Schuster also brought up again the January Wisconsin Supreme Court ruling that found once manure leaves the field and enters the aquifer, it is a pollutant. The ruling overturned a 2013 2nd District Court of Appeals ruling that manure is considered a nutrient, not a pollutant.

The case involved a Washington County farm couple and neighbors whose well was contaminated by liquid manure. The farm couple filed a claim with their insurance company to compensate their neighbors for the tainted well, but the insurance company balked, saying its policy excluded coverage for damage caused by pollutants.

What this means, Schuster said, is that almost all normal liability insurance excludes pollutants, which makes the landowner and farmer responsible for the cost of tainted wells.

He said the insurance industry responded to the ruling by offering environmental insurance to farmers. However, Door County was excluded from coverage, he said, because of the higher than average groundwater risk due to shallow soils and fractured bedrock.

Schuster said he explained to insurance industry officials that his office has stepped up its watchdog role of nutrient management plans, and they were willing to offer environmental insurance policies to Door County farmers.

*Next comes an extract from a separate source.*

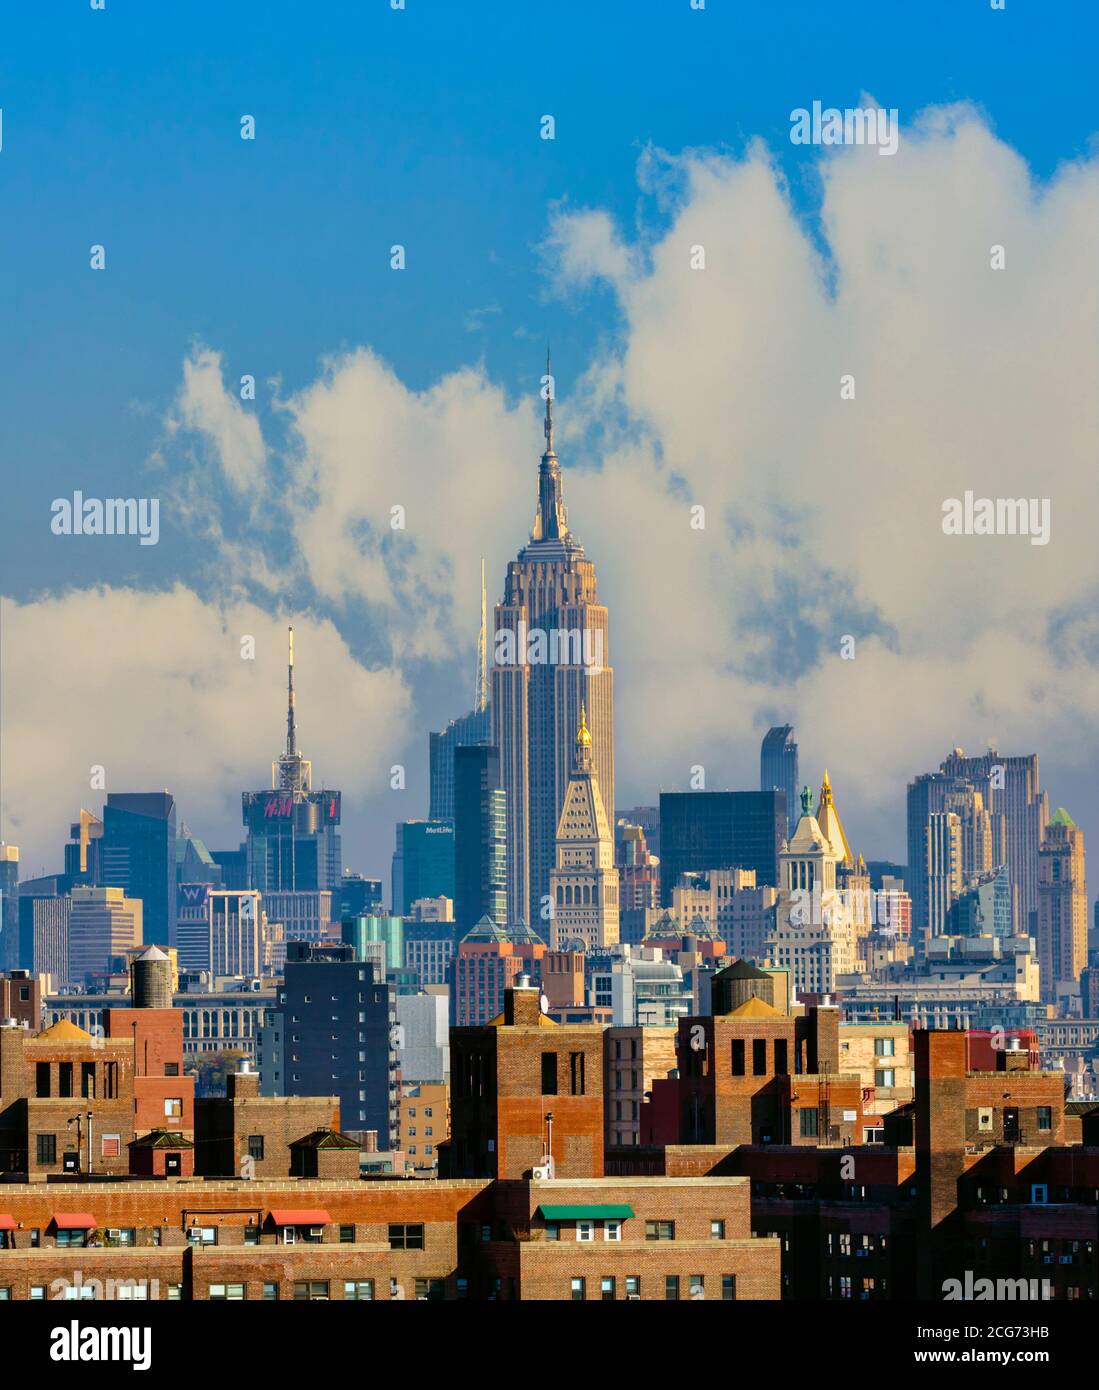 New York, New York State, United States of America.  Manhattan skyline with Empire State building in centre, seen from Brooklyn Bridge. Stock Photo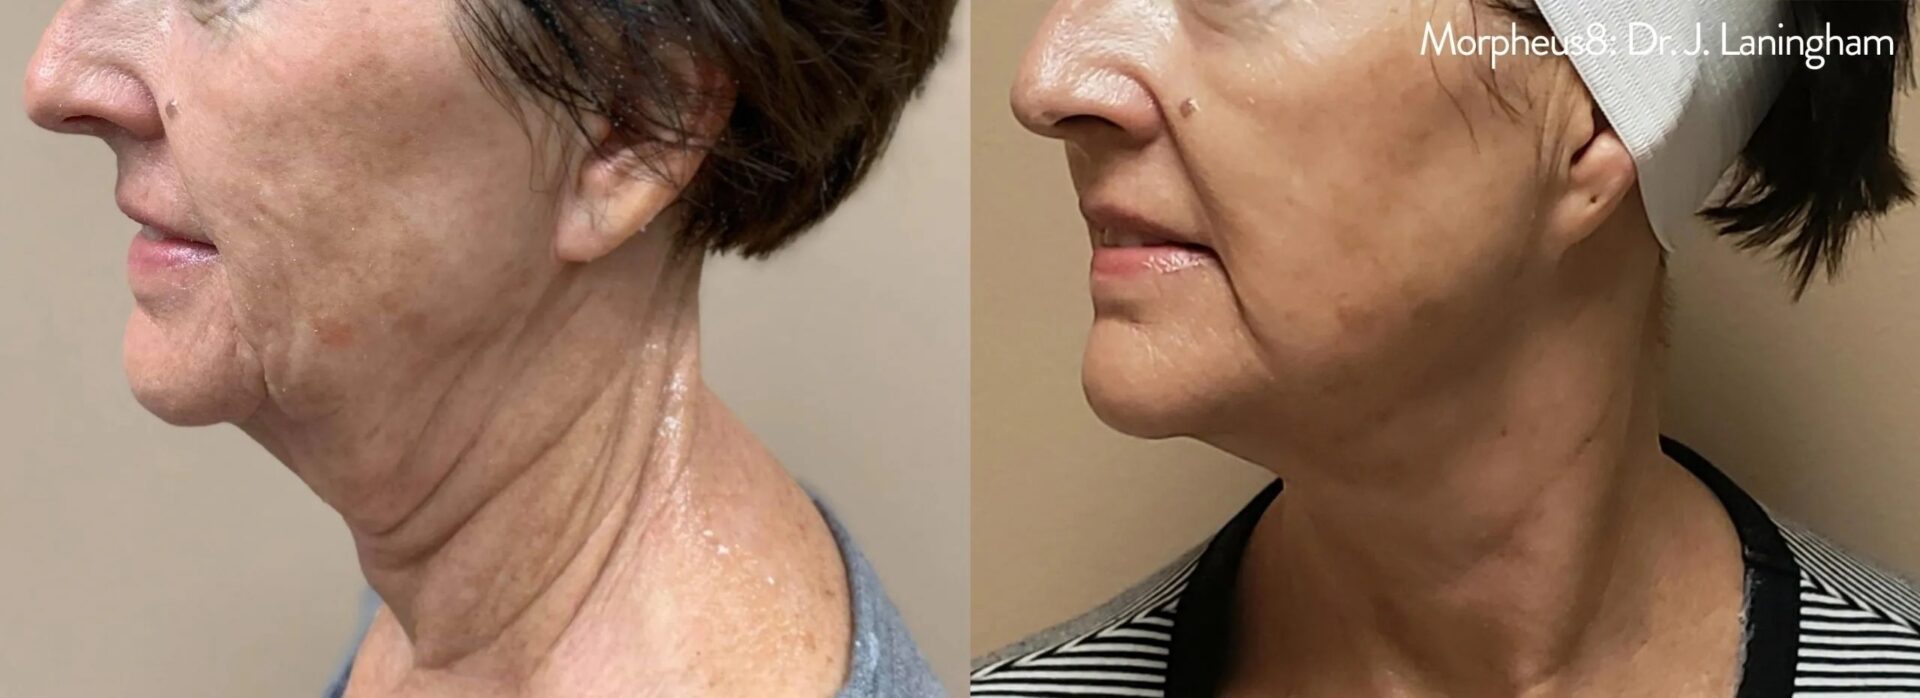 Before and after pictures of a woman who has tighter skin around her face and neck

“After discussing our problem, they are now open to having insurance in Door County. That’s good news!” Schuster said.

Because so much farmed land is rental property, Schuster is also leading a charge to make landowners aware that they are as responsible as the farmers for what takes place on their land. With the assistance of Corporation Counsel/Interim Administrator Grant Thomas, the department has come up with a sample cropland rental agreement with conservation options (available online at map.co.door.wi.us/swcd).

Schuster said the reasoning behind offering the sample land agreement was that it seemed many landowners were unaware of their responsibilities. He said he had landowners yelling at him, asking why he didn’t make farmers do things right on their land.

“My answer has been for a while, ‘It’s your land. If you want something done or not done, make that part of the rental agreement. Don’t be unhappy with me. Provide them with a lease agreement with options.’

“The landowner, in most of this, is first in line for potential liability and enforcement,” Schuster said. “We want to make sure that landowners are aware of their responsibility.”